Nothing screams more Italian than a home-made pesto sauce that is bursting with flavor and goodness. You can buy pesto in a jar these days, and they do taste quite good, but they are also laden with additives, sugar and salt.
Besides, there is nothing that screams more freshness than a bunt of fresh leaves straight out of the ground. Any green leafy plant can be used to make pesto, but the most common one is basil. You can also use rocket, parsley, cilantro, even carrot tops. But if you plan to use tougher greens such as kale, you will need to put them in boiling water for a minute first.
- A large bunch of green leaves
- Two or three cloves of garlic
- 100 grams of dry roasted pine nuts
- Three quarters of a cup of grated Parmesan
- Salt and Pepper
- Half a cup of olive oil (a bit less or more depending on consistency)

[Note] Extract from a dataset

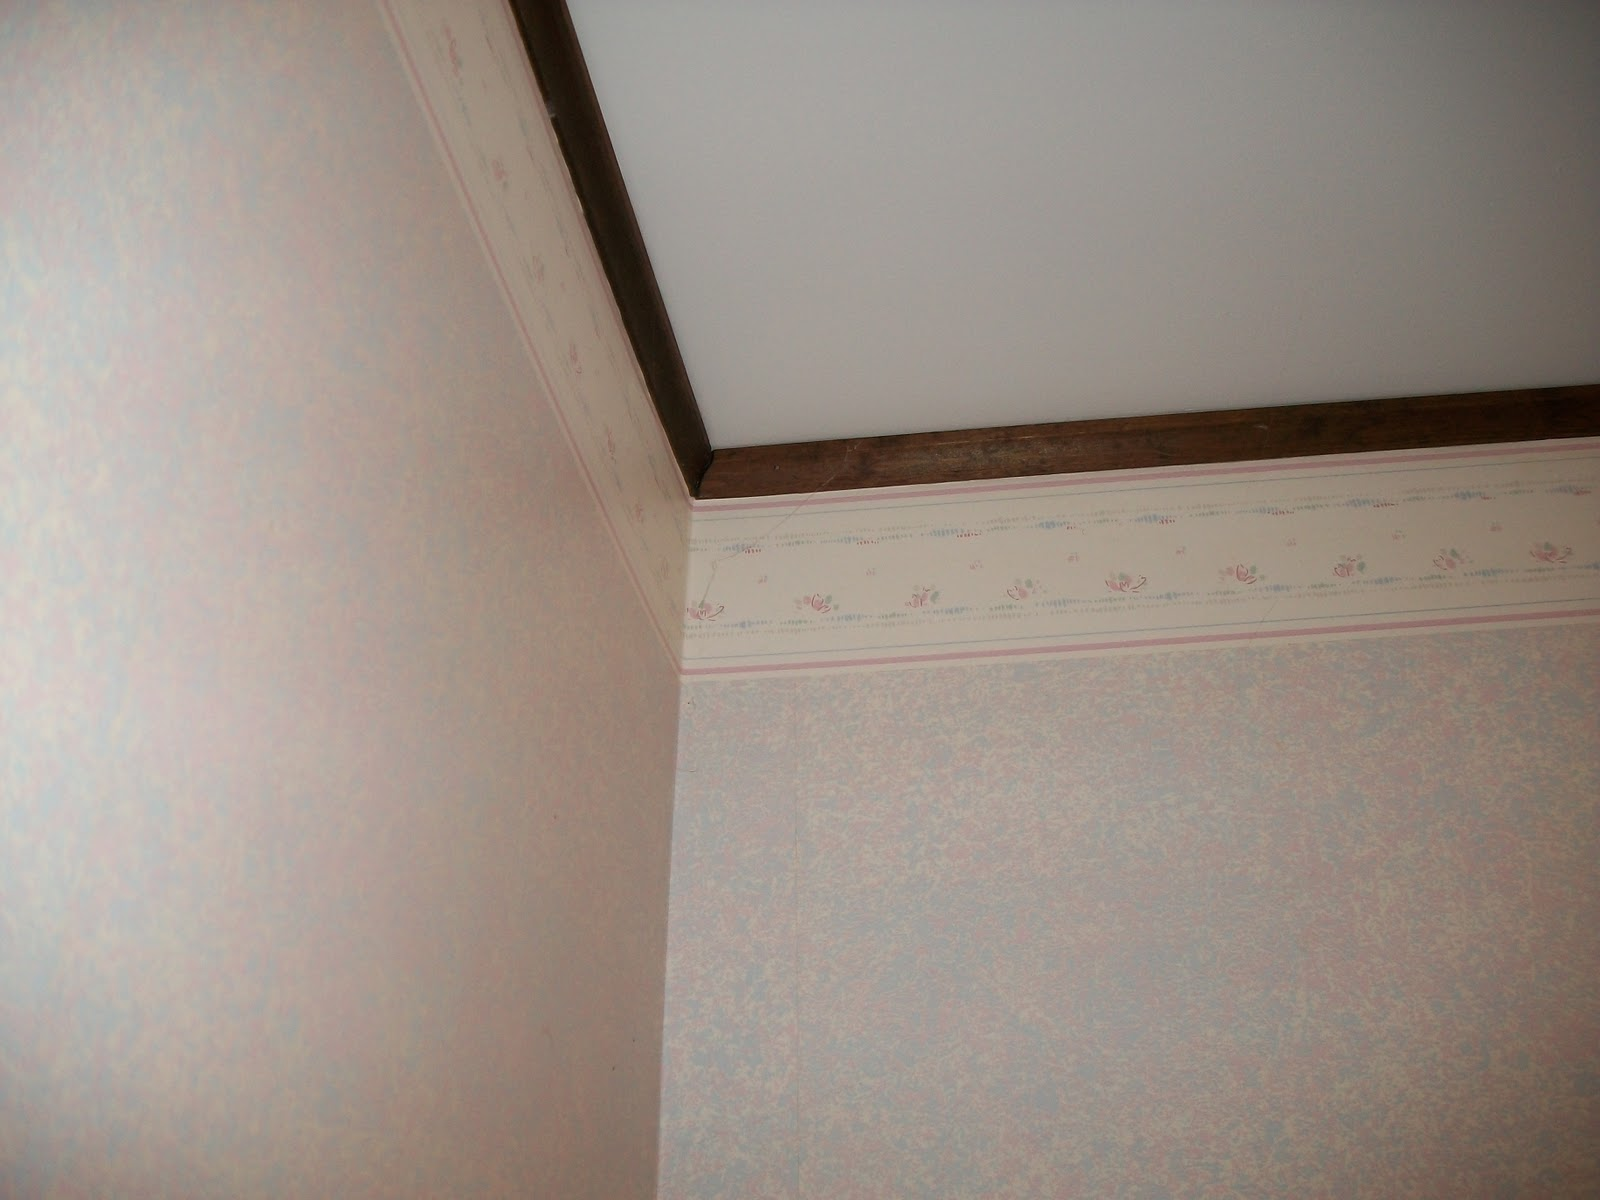 http://2.bp.blogspot.com/_hrNYhOxhjv8/TSsgHMaLkTI/AAAAAAAAG9c/wfXNxZ_NQfE/s1600/Laundry+room+wallpaper3.JPG
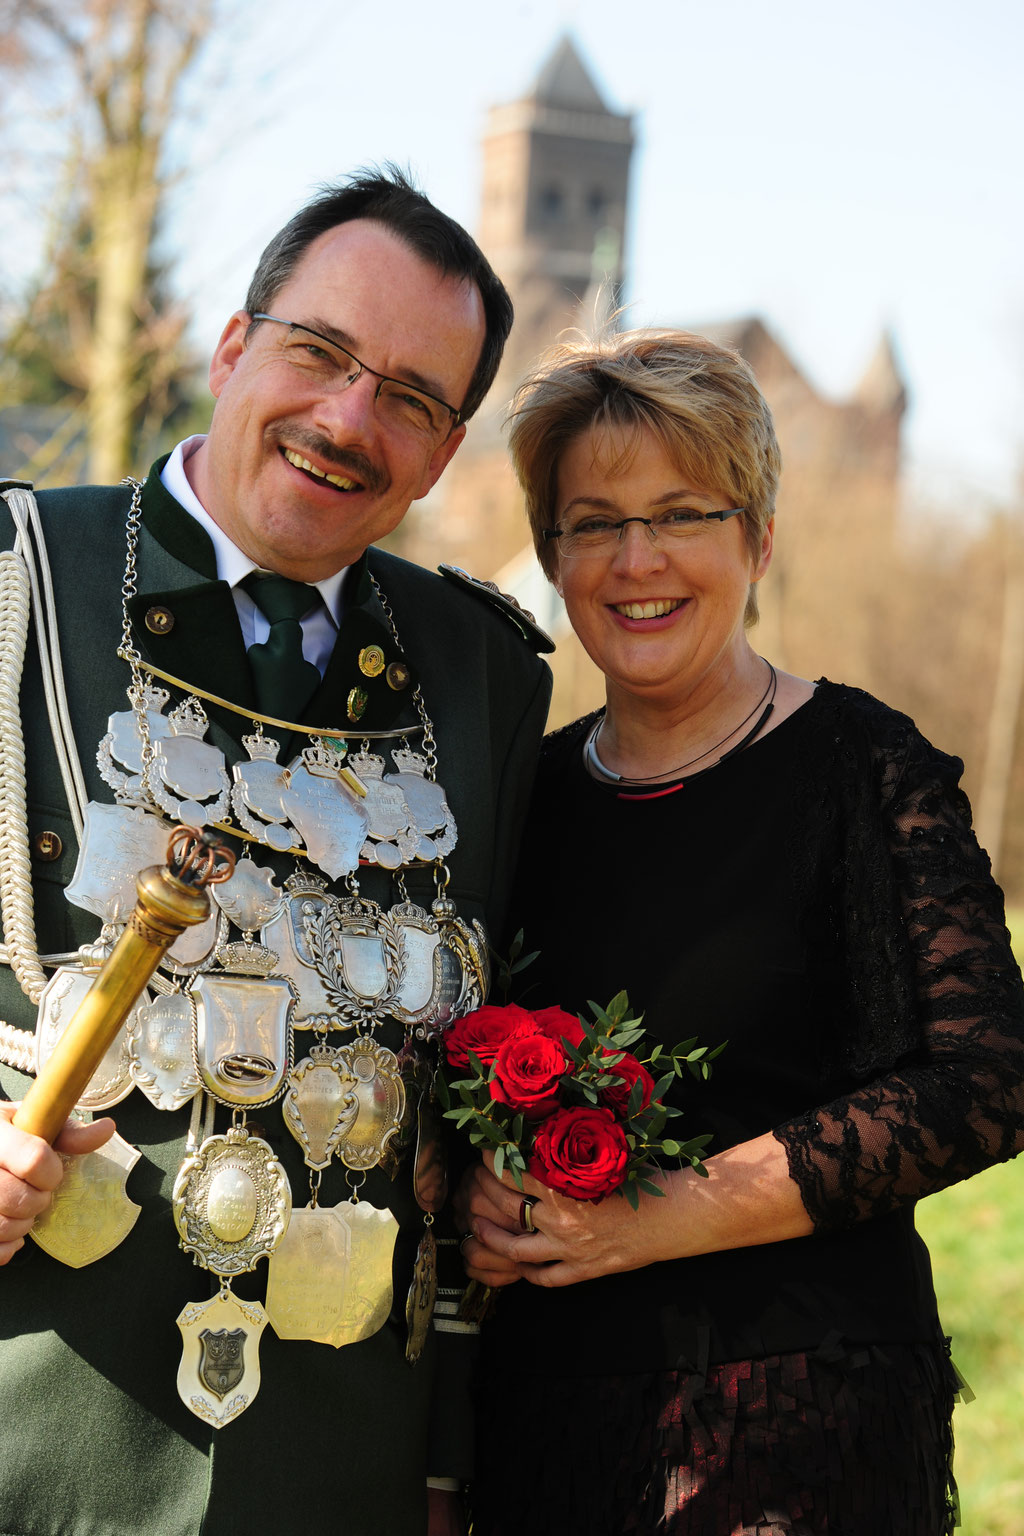 S.M. Michael Rönicke & Königin Christiana 2014/2015

This really is one of the simplest yet tasty things in the world that you can make. All you need to do is grate the Parmesan and chuck it into a blender with the rest of the ingredients. The secret is to not add the olive oil all at once as it will interfere with the blending process. You can use a pestle and mortar, but it will take absolutely ages and a lot of pounding to get it to the consistency that is needed.
Once it’s blended up, you can use it as a dip or you can just slap it on some bread and enjoy it raw. If you want something a bit more substantial, you can boil up some pasta (linguine or tagliatelle normally work well) and then just throw the pesto in top in a saucepan for a couple of minutes. Finish with a lug of olive oil and garnish with some of the fresh leaves and a few roasted pine nuts.